Japan had contact with China, India and the Mongols, among others. Is there a term they used for Asia (in the sense of "land mass where China is" or such) before "アジア"?


Short Answer:

As for the Japanese language, we didn't have such a word and I don't think we should have had. Ancient Japanese only knew as far as India, that means they only knew one "landmass" in their world. Just like the Nile means "river", or the Sahara means "desert", it was not supposed to have a name, except "outside of Japan".

Long Explanation:

Most geographic knowledge outside of Japan was introduced with Buddhism in olden times. As a result, ordinary Japanese were said to only recognize roughly three regions in this world: Japan, China, and India. Japan has had constant communication with the Chinese cultural sphere, but India was close to a religious "Promised Land" which is too remote to see with your own eyes. We have an old-fashioned idiom 唐天竺の果てまでも "to the very end of China and India" which is like saying "to the Timbuktu" (see Metaphorical equivalent of Timbuktu or Outer Mongolia). The names of both China and India are often used as synonyms of any far-off land, in a way we call guinea pigs テンジクネズミ ("Indian mouse"; but from South America), or maize corn トウモロコシ (confusingly "Chinese China", because モロコシ already means sorghum; also from Americas).

Though numerous places related to China and India (as far as Eastern Rome) were recorded in Chinese chronicles, it is doubtful if Japanese made to grasp them as geographic entities more than accessories of those realms. According to this paper, at the early stage of the contact with Spanish and Portuguese, Japanese were unable to identify the subcontinent where they said their intermediate ports were located as "India" (天竺), by the time Buddhism was almost perished. They, including overseas merchants, instead believed that Southeast Asia, which was the center of Buddhism at that time, was their "India".
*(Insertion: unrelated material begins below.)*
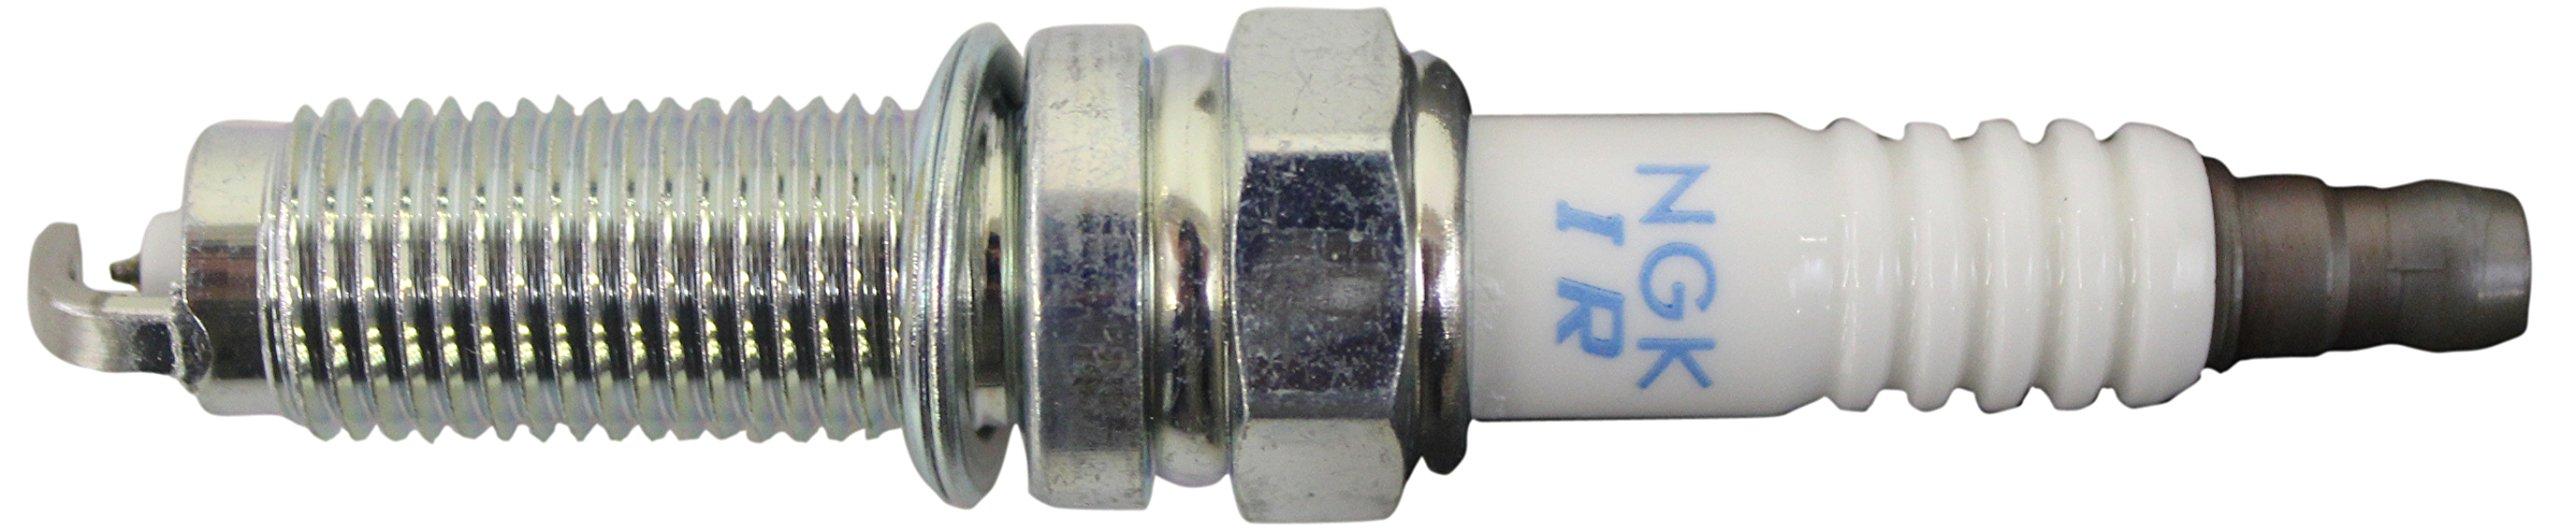 Honda Genuine 12290-R70-A01 Spark Plug

After the acceptance of the Western geography, there still sometimes was manifestation of the traditional world view. An interesting example is 南瞻部洲萬國掌菓之圖 (click for the original map) drawn in 1710. In this map, the idealized India occupies the center one-third, and another one-third to right is South-to-East Asian areas. The whole other half of Eurasia is crammed into the top-left of India, with Europe seen at the very corner like a cluttered marshland (the Netherlands seems to have a high mountain! :D). Of course, this is rather a conceptual image like T and O maps of Christianity.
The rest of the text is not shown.